Innovation vs. Obviousness

The patent’s validity hinges on demonstrating inventive step:

• Novelty: The claimed composition or method must differ substantively from prior art.
• Inventive step: The claimed features should not be an obvious modification by a person skilled in the art.
• Industrial applicability: The invention must have practical utility.

Given the proliferation of similar formulations, WO2009017837 likely differentiates itself through specific features such as a unique combination of excipients, particle sizes, or manufacturing processes that were non-obvious at the filing date.

Litigation and Licensing Landscape

While the specific litigations concerning WO2009017837 are not generally publicly available at a WIPO filing level, patent holders often pursue licensing or litigation following grant:

• Licensing: Opportunities for licensing depend on the patent’s standing, breadth, and enforceability.
• Infringement Analysis: For potential infringers, careful comparison of the patent claims against product features is crucial.

In regions where the patent has been granted or validated, it can influence licensing negotiations or enforceability strategies.

Conclusion

WO2009017837 constitutes an important patent within the pharmaceutical innovation landscape, with scope likely centered on specific drug delivery compositions and methods. Its claims aim to protect inventive aspects that differentiate it from prior art, offering competitive leverage but must be carefully navigated amid a crowded patent environment.

Key Takeaways

• The patent's scope encompasses protected formulations, delivery methods, and manufacturing processes designed for improved therapeutic efficacy.
• Its claims are structured from broad independent claims to narrower dependent claims, with language critical for the scope of patent protection.
• The patent landscape surrounding WO2009017837 includes numerous prior art references, with potential overlaps requiring detailed freedom-to-operate analyses.
• Validity depends on demonstrating novelty and inventive step in light of existing patents and scientific literature.
• Stakeholders should closely monitor jurisdictional statuses and potential licensing or litigation activities to inform strategic decisions.

FAQs

Q1: What is the primary focus of WO2009017837?
A1: It primarily relates to novel pharmaceutical formulations and delivery methods aimed at improving drug stability, absorption, or therapeutic efficacy.

Q2: How does WO2009017837 differ from earlier drug delivery patents?
A2: It introduces specific features such as unique excipient combinations or manufacturing techniques that are non-obvious based on prior art, thus establishing novelty.

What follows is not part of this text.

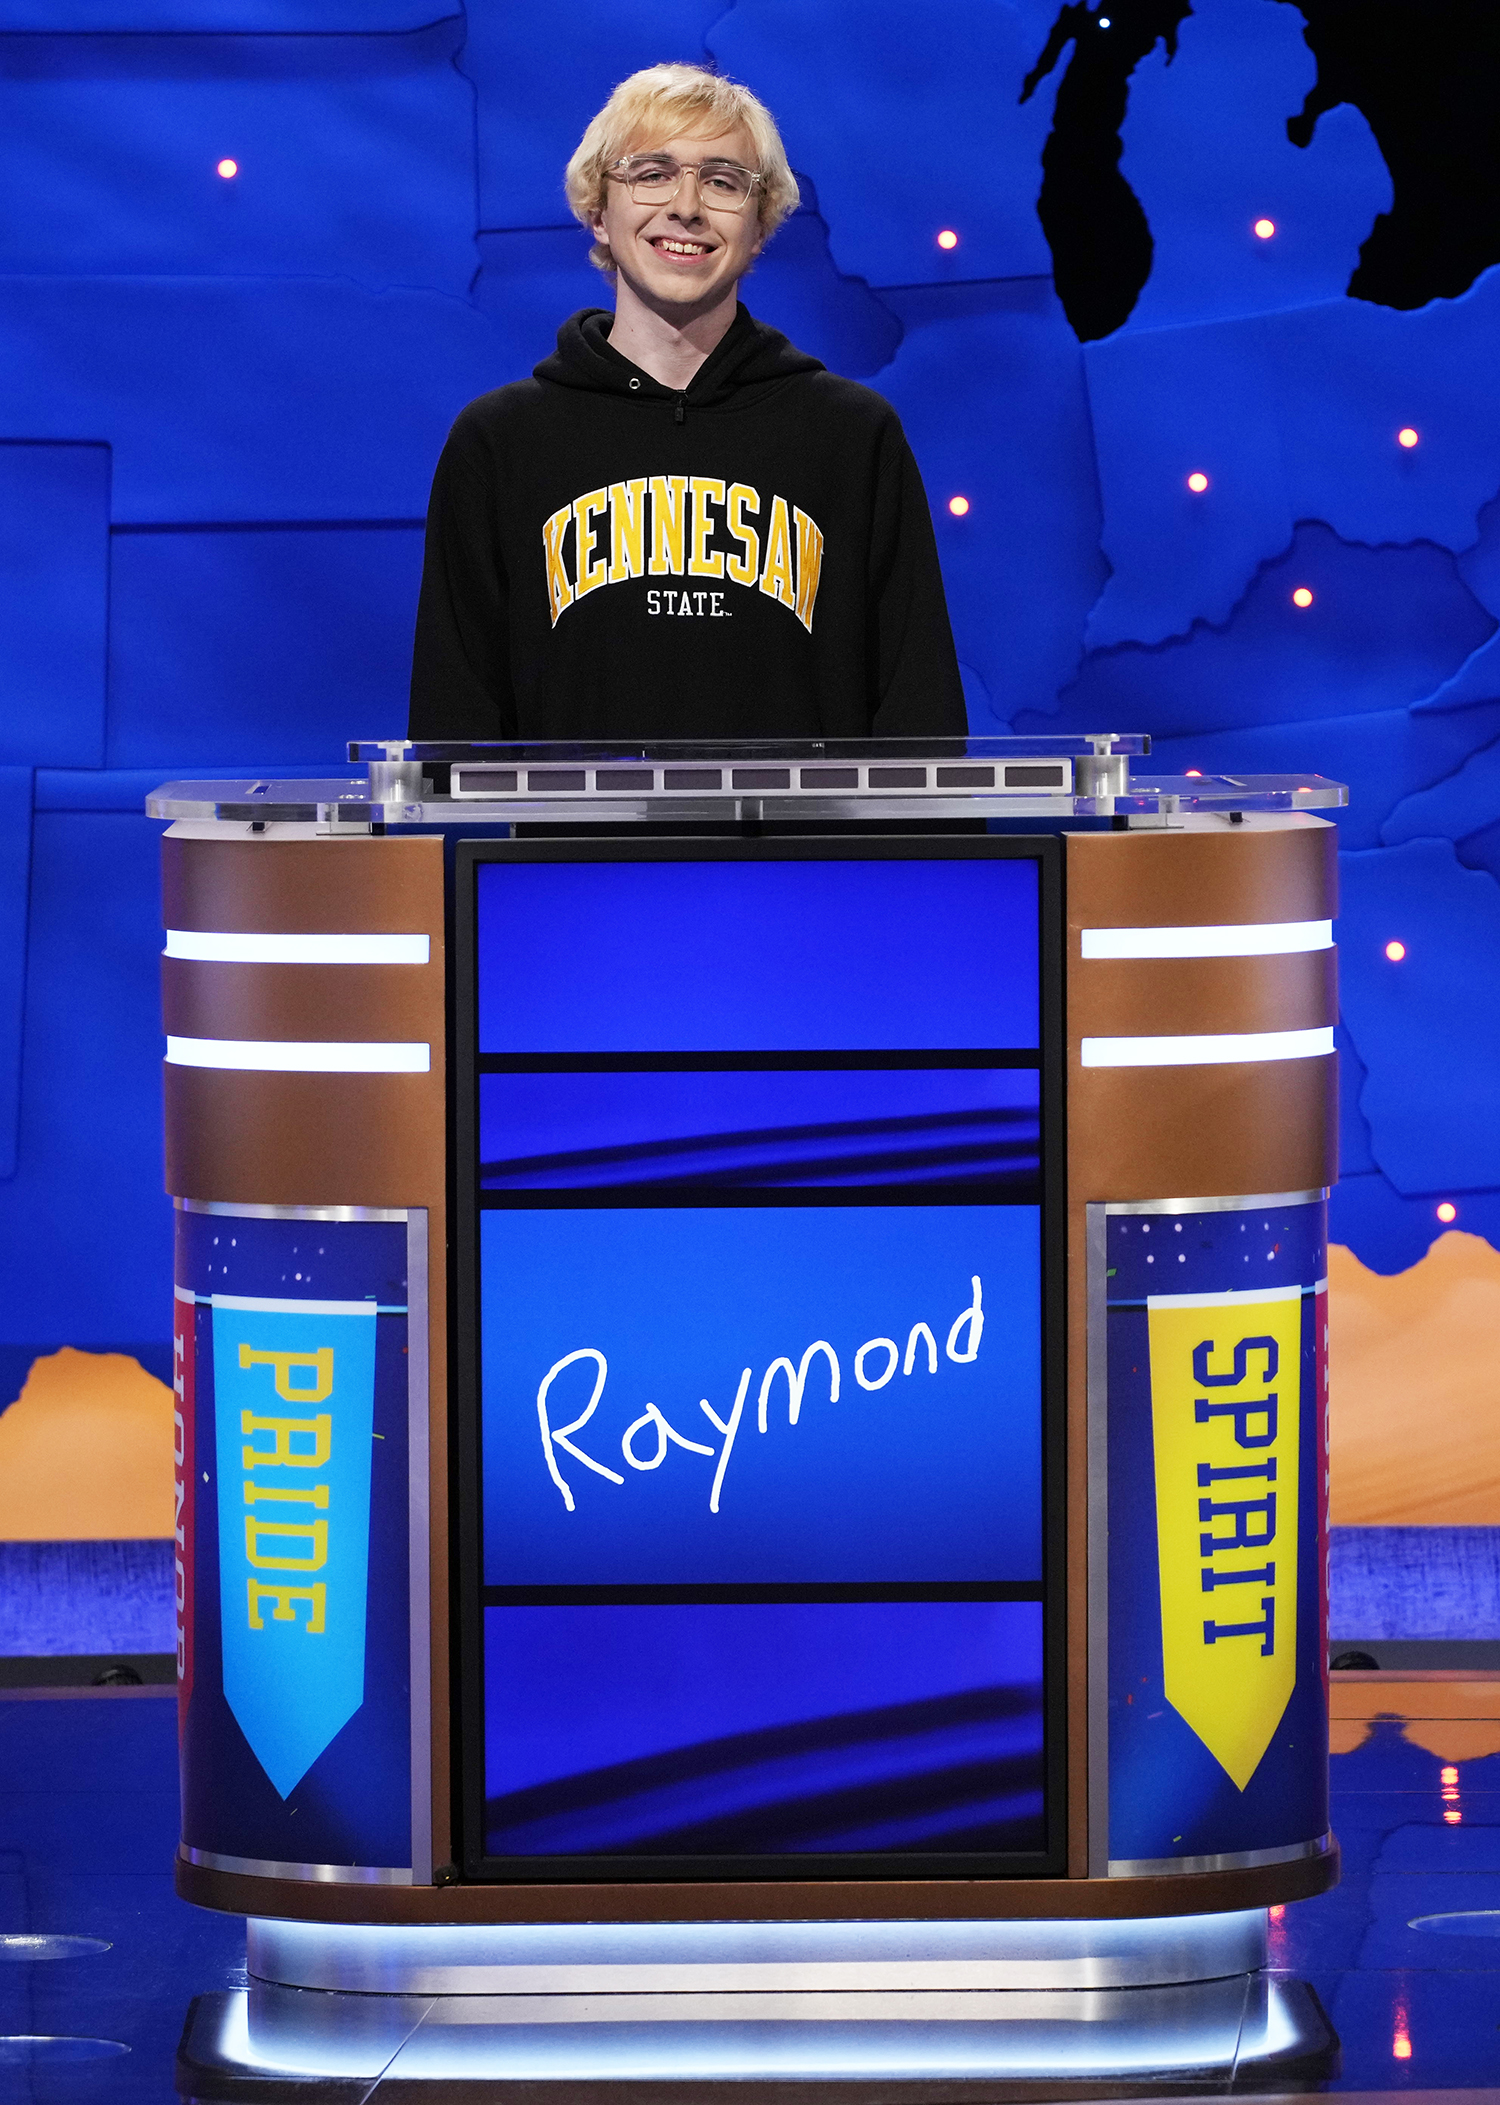 Alumnus to compete in Jeopardy! National College Championship

Q3: Can this patent be challenged for inventiveness?
A3: Yes, it can be challenged if prior art demonstrates that the claimed innovations are obvious to a skilled person in the field at the patent’s priority date.

Q4: What regions are most affected by this patent?
A4: The international nature covered by WIPO means that patent rights might be validated in jurisdictions like the US, Europe, Japan, and others, depending on national phase filings.

Q5: How should companies approach patent landscapes like WO2009017837?
A5: They should conduct comprehensive freedom-to-operate analyses, monitor patent grants and litigations, and consider licensing opportunities for innovations protected by such patents.

References

[1] World Intellectual Property Organization. WO2009017837 patent publication.
[2] Prior art references and scientific literature related to pharmaceutical formulations.
[3] Patent landscape analyses from industry reports.